Costruzione abusiva senza permesso o in difformità dalla licenza e non sanata: conseguenze per chi accetta l’eredità anche se non è l’autore del reato.

Tuo padre è morto di recente. Si è aperta la successione nella quale vi rientra la vecchia casa di famiglia, un tempo di proprietà dei tuoi genitori. Ora, tu e i tuoi fratelli siete chiamati a dividerla. Ma c’è un grosso problema: l’immobile presenta un abuso edilizio che non è mai stato condonato. Così, prima di accettare l’eredità, vuoi sapere cosa rischiano gli eredi per l’abuso edilizio. Non vorresti, infatti, che un giorno i vigili del Comune (o meglio la polizia locale) arrivi a casa e, a seguito di un controllo, ti contesti qualche reato. 

Ci sono una serie di questioni che devi considerare nel momento in cui diventi erede di un immobile con abuso edilizio e che qui di seguito voglio spiegarti. Su ognuno di questi punti si è già espressa tante volte la Cassazione per cui non corri il rischio di trovare interpretazioni difformi da quelle che ora ti indicherò.

Prima di spiegarti cosa rischiano gli eredi per l’abuso edilizio, voglio farti una premessa importante: le conseguenze che a breve descriveremo toccano sia chi è consapevole dell’illecito urbanistico che chi non ha la competenza tecnica per accorgersene. Quindi, fare il “finto tonto” non ti servirà a nulla e non potrà evitare le sanzioni che a breve indicheremo.

Immobile con abuso edilizio: non si può dividere

La prima importante conseguenza che deriva da un immobile con un abuso non condonato è l’impossibilità di chiedere al giudice una divisione del bene. Se gli eredi non dovessero trovare un accordo tra loro, infatti, nessun tribunale potrà accogliere la domanda diretta alla spartizione dell’immobile. Lo dice la legge, lo ribadiscono anche le Sezioni Unite della Cassazione [1]. Per superare il problema o chiedi la sanatoria oppure demolisci l’irregolarità urbanistica. Se vuoi approfondire questo tema ti consiglio di leggere la nostra guida Divisione immobile con abuso edilizio non condonato.

Abuso edilizio: gli eredi rischiano il penale?

Il secondo aspetto che potrebbe preoccupare l’erede di un immobile con un abuso edilizio è l’eventuale contestazione del reato. Già, perché l’abuso non è solo una violazione della normativa locale, ma anche un illecito penale. Su questo fronte, però, posso darti una buona notizia: nel nostro ordinamento, vige il principio della responsabilità penale personale. In pratica, solo l’autore del reato ne risponde e non anche i suoi eredi o eventuali acquirenti. A prescindere anche dall’eventuale prescrizione che potrebbe essere ormai intervenuta (prescrizione che si compie dopo solo 4 anni dall’ultimazione dell’abuso), nessuno, se non l’autore, risponde del crimine.

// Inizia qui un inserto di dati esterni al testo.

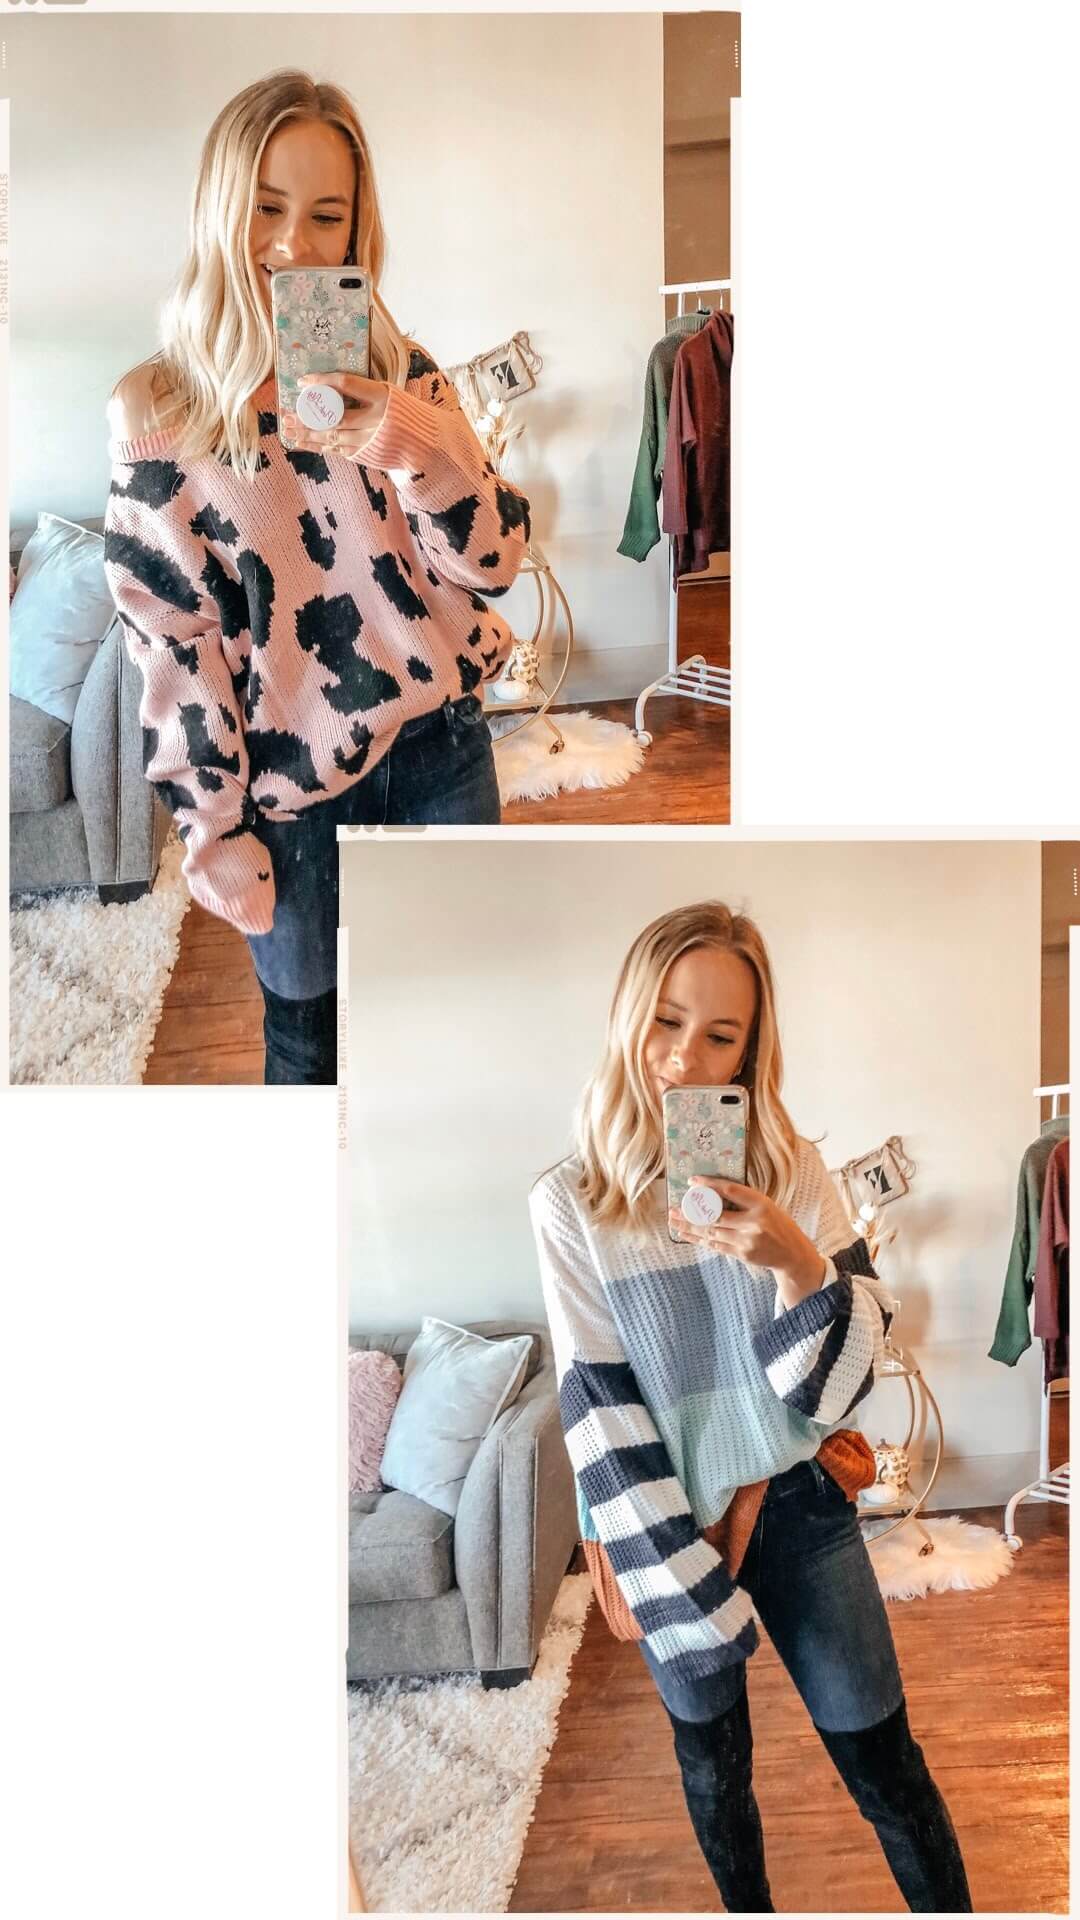 Amazon Sweaters Under $30. Amazon Haul with sweaters under $30. Amazon Fashion Finds. The Blonder Life

Abuso edilizio: gli eredi rischiano le sanzioni amministrative?

Spesso, al reato di abuso edilizio si innestano anche delle sanzioni amministrative di tipo pecuniario. Sul punto, registriamo due diverse interpretazioni. Secondo il Tar Roma [2], le sanzioni amministrative di tipo pecuniario con finalità ripristinatorie si trasmettono agli eredi. Più logica, invece, ci appare la conclusione del Tar Catania [3] secondo cui anche le sanzioni amministrative urbanistiche non si trasmettono agli eredi in virtù di quanto avviene per qualsiasi altra sanzione amministrativa (come le multe stradali) [4]. 

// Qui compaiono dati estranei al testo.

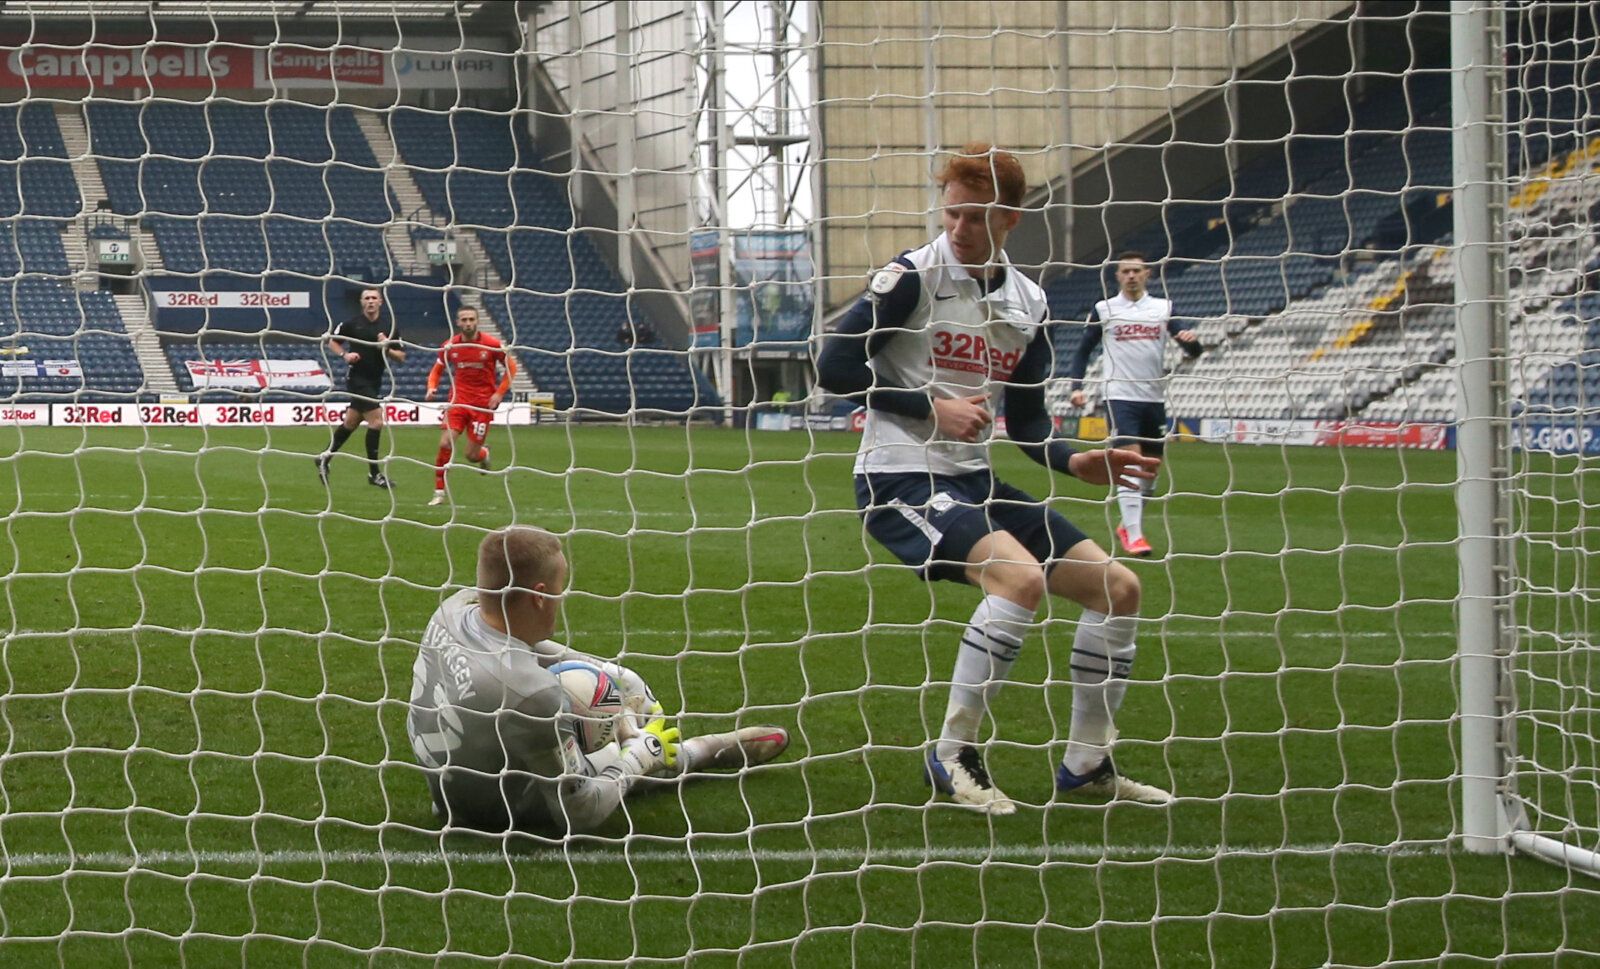 Soccer Football - Championship - Preston North End v Luton Town - Deepdale, Preston, Britain - March 20, 2021 Preston North End's Daniel Iversen scores an own goal and Luton Town's first Action Images/Jason Cairnduff EDITORIAL USE ONLY. No use with unauthorized audio, video, data, fixture lists, club/league logos or 'live' services. Online in-match use limited to 75 images, no video emulation. No use in betting, games or single club /league/player publications.  Please contact your account repre

Abuso edilizio: gli eredi devono demolire?

L’abuso edilizio va sempre demolito, a meno che non intervenga prima la sanatoria o questa, al momento del provvedimento di demolizione, stia per essere concessa o ci sono buone probabilità che venga rilasciata. Tuttavia, la Cassazione [5] è costante nel dire che la demolizione si esegue sempre nei confronti dell’attuale proprietario, anche se non è l’autore dell’illecito. 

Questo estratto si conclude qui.